Three years ago the city of Portland, Oregon, enacted regulations requiring car services to charge at least $50 for airport trips and at least 35 percent more than taxicabs for other trips. The city also requires that car services (limos and sedans) make customers wait at least an hour before picking them up. These consumer-unfriendly rules were expressly designed to shield taxicab companies from competition. In a federal lawsuit filed today, the Institute for Justice argues that such protectionism is not just unwise and unfair but also unconstitutional. The suit is part of I.J.'s effort to protect "the right to earn an honest living free from excessive government regulation." Toward that end, I.J. is trying to put some teeth into the "rational basis" test, the highly deferential standard by which courts assess the validity of economic regulations under the 14th Amendment's Due Process and Equal Protection clauses. I.J. argues that Portland's regulations do not have a legitimate public purpose, which is one requirement of the rational basis test:
Portland's car service regulations were designed to protect taxicabs' profits at everyone else's expense. They have nothing to do with protecting public safety and everything to do with economic protectionism…. The U.S. Constitution protects every American's right to economic liberty—the right to practice one's chosen occupation free from unreasonable government regulation. In Portland, the government is inflating transportation prices and destroying small businesses just to help taxicab companies drive their competitors off the road.
The plaintiffs in this case, Towncar.com and Fiesta Limousine, were both hit with whopping fines last fall because they dared to offer Groupon discounts that made their prices lower than than the legal minimum. The city assessed a fine of $500 for the first Groupon sold and $1,000 for each subsequent one, making the total $635,500 for Towncar.com and $259,500 for Fiesta. Both agreed to rescind their offers and refund their customers' money to avoid the fines.
I.J. says price controls like Portland's are rare. "Of all the cities and counties in this country," it says, "only nine others impose minimum fares on car services and their customers." (One of them is Hillsborough County, Florida, whose regulations I discussed in a 2003 column.) Last month a Portland official candidly explained the rationale for the regulations to Huffington Post reporter J.L. Greene: "You don't want the Town Cars to take all of the best fares, which are to the airport, and not leave any for the taxi industry. That's why there's a minimum fare and a one-hour wait requirement."

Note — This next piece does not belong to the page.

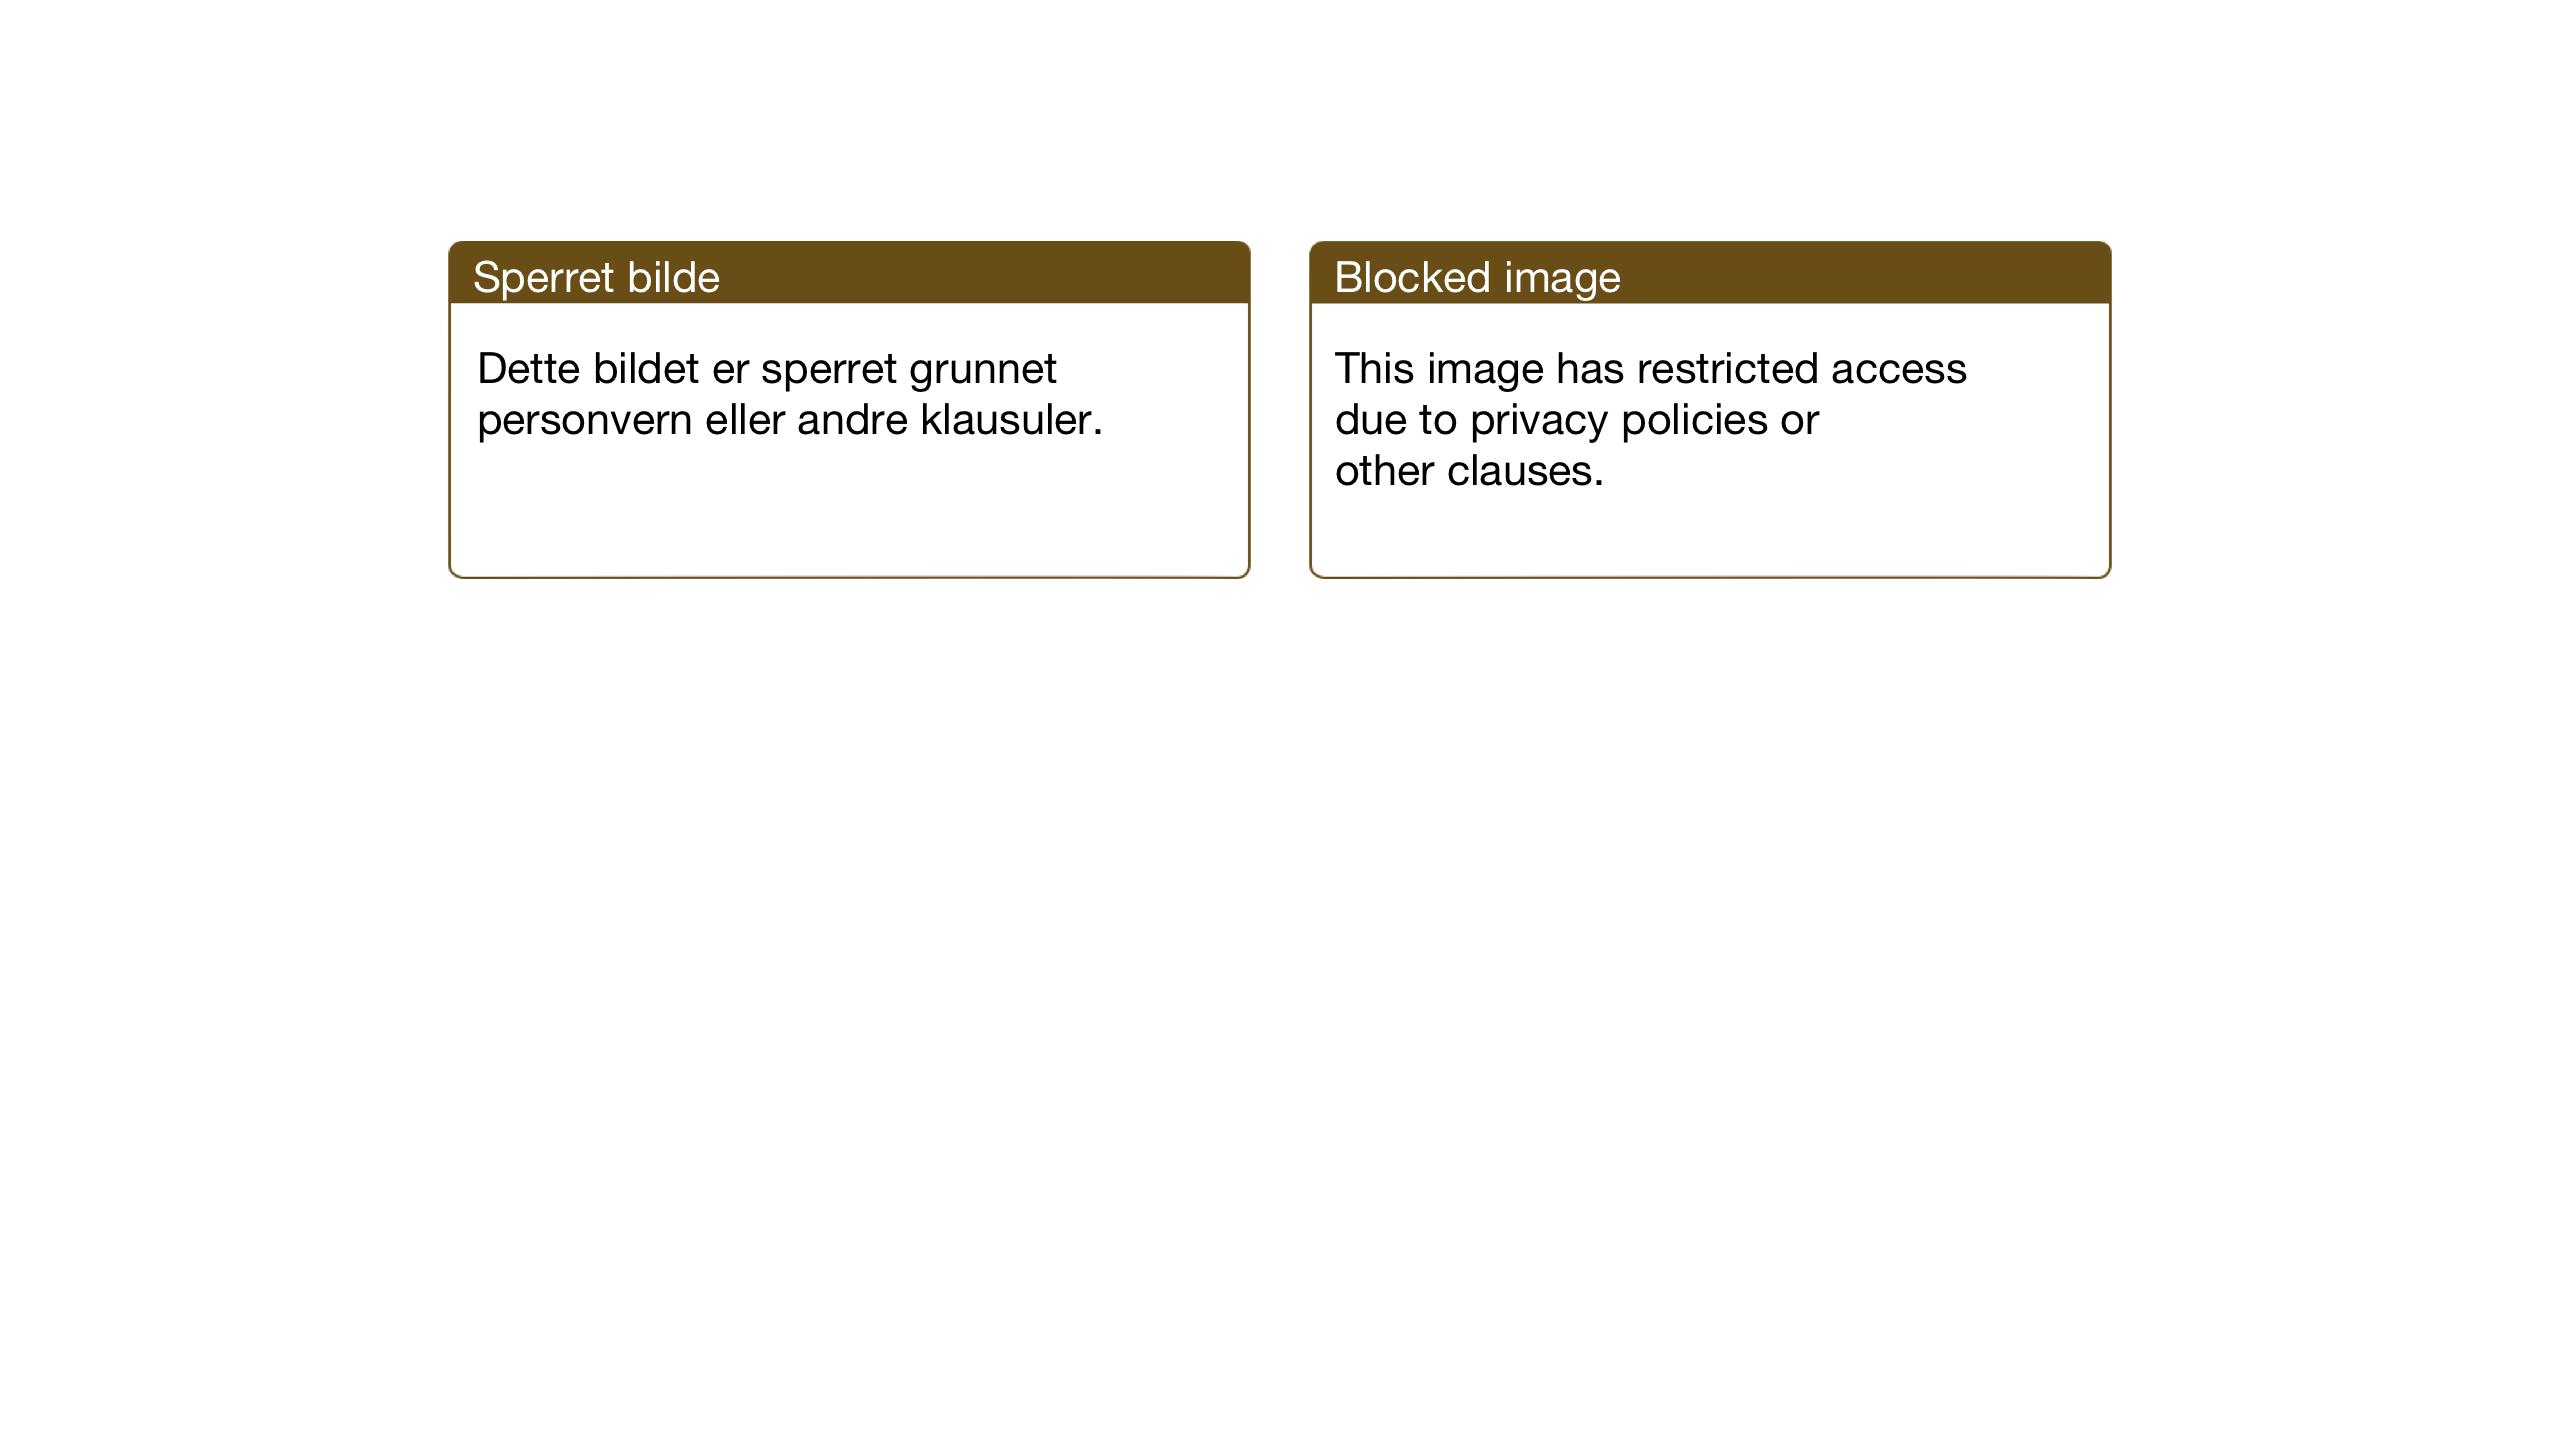 SAT, Ministerialprotokoller, klokkerbøker og fødselsregistre - Sør-Trøndelag, 669/L0833: Klokkerbok nr. 669C03, 1945-1950, s. 105

I.J. notes that two federal appeals courts have ruled that protectionism alone is not an adequate justification for economic regulations. In 2002 the U.S. Court of Appeals for the 6th Circuit overturned Tennessee's requirement that all casket sellers be licensed as funeral directors, saying it violated the Due Process and Equal Protection clauses because it served merely "to prevent economic competition." In 2008 the U.S. Court of Appeals for the 9th Circuit (which includes Oregon) ruled that California's licensing scheme for pest controllers violated the Equal Protection Clause because it irrationally exempted some nonchemical methods but not others. The plaintiff argued that the licensing requirements "have no legitimate purpose for persons engaged in structural pest control without pesticides, and simply inhibit competition in the marketplace." By contrast, in a 2004 case involving an Oklahoma casket regulation similar to Tennessee's, the U.S. Court of Appeals for the 10th Circuit rejected "the contention that intrastate economic protectionism…is an illegitimate state interest." In light of the circuit split, I.J.. says, "The question will one day have to be decided by the U.S. Supreme Court."